Outbreaks of E. coli O157:H7 and Shiga toxin–producing E. coli O157:NM (subsequently referred to as E. coli O157) investigated by state and local health departments were reported to CDC by telephone, outbreak report, or through the routine foodborne disease outbreak surveillance system (9). In preparation for this summary, an epidemiologist reviewed all reports including published outbreaks not otherwise reported. Information collected from each outbreak report included city, setting, and suspected transmission route and vehicle. The date of first illness, hospitalizations, number of ill persons, bloody diarrhea, culture-confirmed illness, HUS, and deaths were also obtained. We defined an outbreak as >2 cases of E. coli O157 infection (at least 1 culture-confirmed) with a common epidemiologic exposure. For purposes of defining an outbreak, we considered a case as a stool culture yielding E. coli O157, or bloody diarrhea, or HUS. Each investigator reported the total number of outbreak-related cases, often including those with compatible clinical illness but without culture confirmation of illness. Infections acquired outside the United States were not included.

We defined outbreak onset as month and year first illness onset was reported, and outbreak setting as place where exposure occurred. Outbreaks due to a distributed food item and not isolated to a single venue or event were classified as communitywide. Fast-food settings were defined as establishments where payment is made before receiving food. Outbreaks were classified into 1 of 6 transmission routes on the basis of how most patients acquired the infection (foodborne, person-to-person, recreational water, drinking water, animal exposure, or laboratory). Outbreaks with a common exposure but in which a major transmission route was not identified were classified as unknown transmission route. Median outbreak sizes were compared by using the Kruskal-Wallis test. Outbreak-related HUS and death rates were compared by using a chi-square test.

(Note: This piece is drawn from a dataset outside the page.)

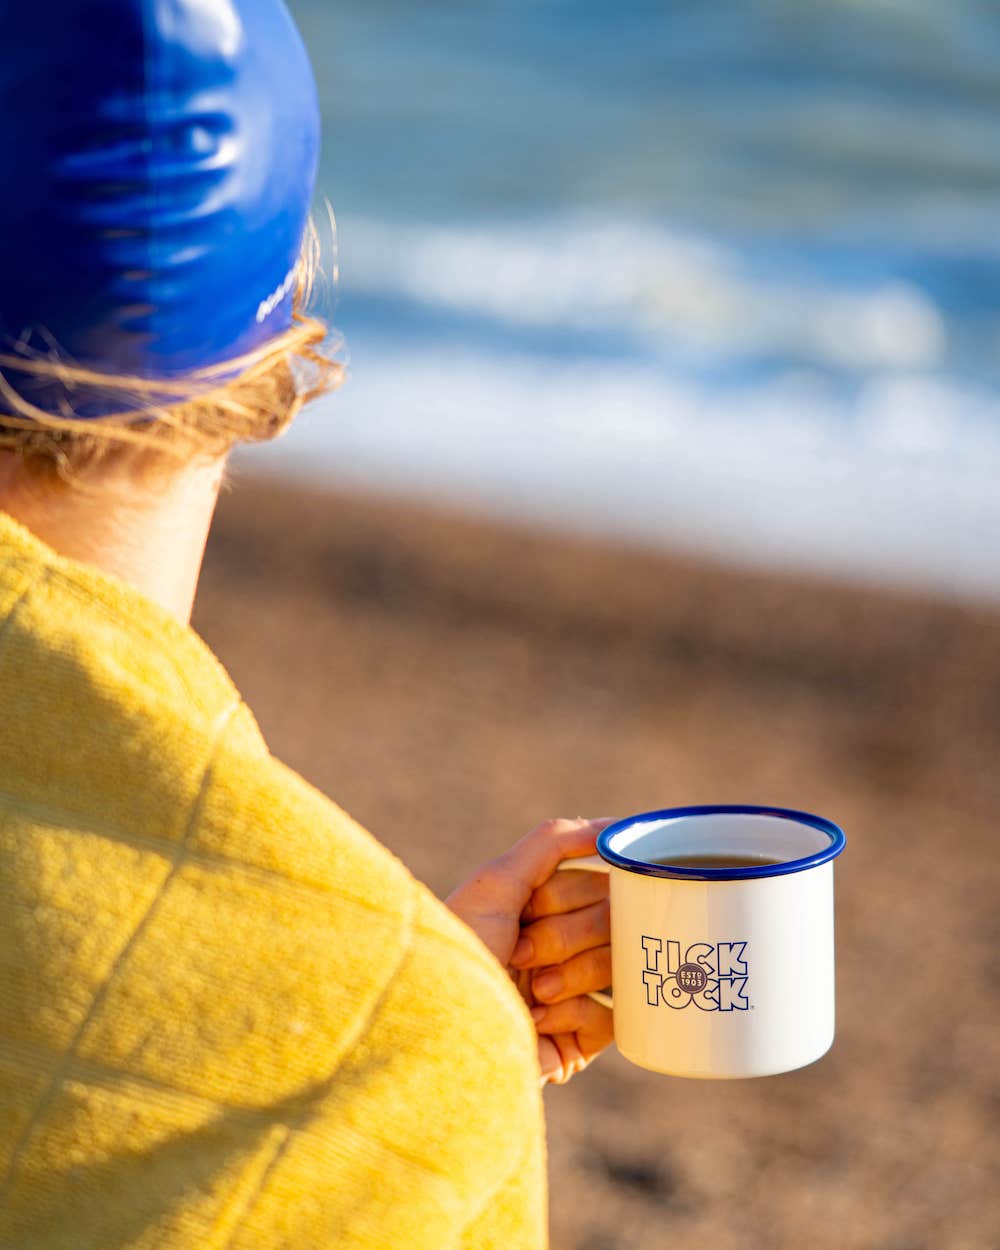 At the beach with a mug of tea

Foodborne outbreaks were defined as the occurrence of >2 cases of E. coli O157 infection resulting from ingestion of a common food, or if food vehicle was undetermined, sharing a common meal or food facility. Food vehicles were grouped into the following categories: ground beef, other beef, produce, dairy, other, or unknown. Food vehicles were implicated statistically in case-control studies (p < 0.05), by isolation of E. coli O157 from a suspect item, or by being the only common food item consumed by cases. A multistate outbreak was defined as exposure to a common vehicle occurring in >1 state. HUS cases were classified by individual investigators and included those cases diagnosed as thrombotic thromobocytopenic purpura following E. coli O157 infection.


Figure 1

Thumbnail of Escherichia coli O157 outbreaks by year, 1982–2002 (n = 350).

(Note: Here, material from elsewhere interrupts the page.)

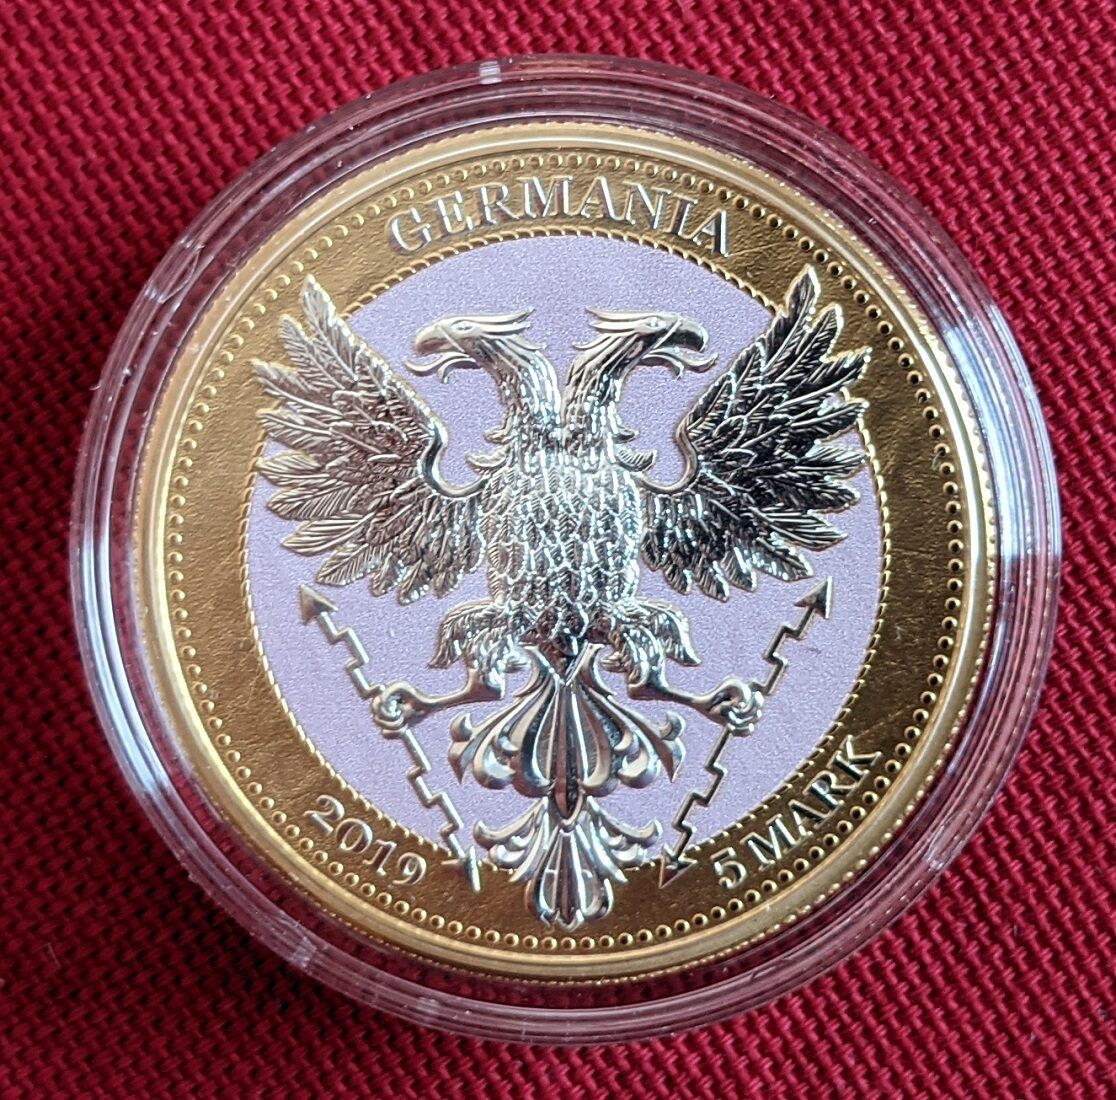 Deutschland 5 Mark - 1 Unze Silber 2019 Germania Mint - Mythical

Figure 1. Escherichia coli O157 outbreaks by year, 1982–2002 (n = 350).

Figure 2

Thumbnail of Median size of Escherichia coli O157 outbreaks by year.

Figure 2. Median size of Escherichia coli O157 outbreaks by year.

From 1982 to 2002, a total of 350 outbreaks were reported from 49 states, accounting for 8,598 cases of E. coli O157 infection. Among cases, there were 1,493 (17.4%) hospitalizations, 354 (4.1%) cases of HUS, and 40 (0.5%) deaths. The number of reported outbreaks began rising in 1993, and peaked in 2000 with 46 (Figure 1). Outbreak size ranged from 2 to 781 cases, with a median of 8 cases. Median outbreak size appears to have declined from 1982 to 2002 (Figure 2). Most outbreaks (89%) occurred from May to November. Of the 326 outbreaks reported from a single state, Minnesota reported the most (43 outbreaks), followed by Washington (27 outbreaks), New York (22 outbreaks), California (18 outbreaks), and Oregon (18 outbreaks). Among the 350 outbreaks, transmission routes for 183 (52%) were foodborne, 74 (21%) unknown, 50 (14%) person-to-person, 21 (6%) recreational water, 11 (3%) animal contact, 10 (3%) drinking water, and 1 (0.3%) laboratory-related transmission route (Table).

Foodborne Outbreaks

Figure 3

Thumbnail of Transmission routes of Escherichia coli O157 outbreaks by year.

Figure 3. Transmission routes of Escherichia coli O157 outbreaks by year.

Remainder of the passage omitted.